++++ Supplied data

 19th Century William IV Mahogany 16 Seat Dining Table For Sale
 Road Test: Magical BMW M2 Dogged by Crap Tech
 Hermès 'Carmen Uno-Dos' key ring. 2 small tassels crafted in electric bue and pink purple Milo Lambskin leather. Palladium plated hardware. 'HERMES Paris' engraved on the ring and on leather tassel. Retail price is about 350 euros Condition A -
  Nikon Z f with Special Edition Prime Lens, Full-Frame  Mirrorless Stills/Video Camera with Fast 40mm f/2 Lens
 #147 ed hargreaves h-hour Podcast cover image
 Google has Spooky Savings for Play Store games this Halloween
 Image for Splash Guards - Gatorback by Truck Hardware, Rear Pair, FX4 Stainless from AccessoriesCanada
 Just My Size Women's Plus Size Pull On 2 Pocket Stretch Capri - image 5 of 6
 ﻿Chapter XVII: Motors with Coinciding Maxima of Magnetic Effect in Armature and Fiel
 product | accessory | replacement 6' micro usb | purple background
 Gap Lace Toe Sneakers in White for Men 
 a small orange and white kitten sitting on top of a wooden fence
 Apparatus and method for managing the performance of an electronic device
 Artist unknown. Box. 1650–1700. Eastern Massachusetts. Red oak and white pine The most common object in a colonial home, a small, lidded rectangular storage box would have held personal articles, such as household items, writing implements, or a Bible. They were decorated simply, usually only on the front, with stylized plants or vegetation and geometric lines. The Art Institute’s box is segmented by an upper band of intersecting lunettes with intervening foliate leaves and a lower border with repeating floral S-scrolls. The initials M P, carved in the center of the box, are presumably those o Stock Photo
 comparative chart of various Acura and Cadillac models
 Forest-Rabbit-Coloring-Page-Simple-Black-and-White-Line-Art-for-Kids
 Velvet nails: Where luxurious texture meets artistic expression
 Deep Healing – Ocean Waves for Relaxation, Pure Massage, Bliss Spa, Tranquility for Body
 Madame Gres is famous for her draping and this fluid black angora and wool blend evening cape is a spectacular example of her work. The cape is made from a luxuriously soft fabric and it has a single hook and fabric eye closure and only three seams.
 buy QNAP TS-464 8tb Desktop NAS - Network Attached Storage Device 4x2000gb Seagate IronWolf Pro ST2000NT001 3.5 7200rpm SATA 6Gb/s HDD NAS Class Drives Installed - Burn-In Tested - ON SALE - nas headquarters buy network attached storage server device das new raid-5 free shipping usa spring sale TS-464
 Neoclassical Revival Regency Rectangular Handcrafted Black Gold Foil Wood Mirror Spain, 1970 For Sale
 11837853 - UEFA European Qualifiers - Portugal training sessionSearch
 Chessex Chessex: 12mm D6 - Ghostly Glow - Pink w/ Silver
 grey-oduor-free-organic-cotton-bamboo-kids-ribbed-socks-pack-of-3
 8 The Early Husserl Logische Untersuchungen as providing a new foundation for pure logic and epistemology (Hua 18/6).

++++++++

### [Problem statement]
Print nothing but the lines from the one that contains "Velvet nails: Where" to the final line of the data, both included, exactly as they read.

### [Expected output]
 Velvet nails: Where luxurious texture meets artistic expression
 Deep Healing – Ocean Waves for Relaxation, Pure Massage, Bliss Spa, Tranquility for Body
 Madame Gres is famous for her draping and this fluid black angora and wool blend evening cape is a spectacular example of her work. The cape is made from a luxuriously soft fabric and it has a single hook and fabric eye closure and only three seams.
 buy QNAP TS-464 8tb Desktop NAS - Network Attached Storage Device 4x2000gb Seagate IronWolf Pro ST2000NT001 3.5 7200rpm SATA 6Gb/s HDD NAS Class Drives Installed - Burn-In Tested - ON SALE - nas headquarters buy network attached storage server device das new raid-5 free shipping usa spring sale TS-464
 Neoclassical Revival Regency Rectangular Handcrafted Black Gold Foil Wood Mirror Spain, 1970 For Sale
 11837853 - UEFA European Qualifiers - Portugal training sessionSearch
 Chessex Chessex: 12mm D6 - Ghostly Glow - Pink w/ Silver
 grey-oduor-free-organic-cotton-bamboo-kids-ribbed-socks-pack-of-3
 8 The Early Husserl Logische Untersuchungen as providing a new foundation for pure logic and epistemology (Hua 18/6).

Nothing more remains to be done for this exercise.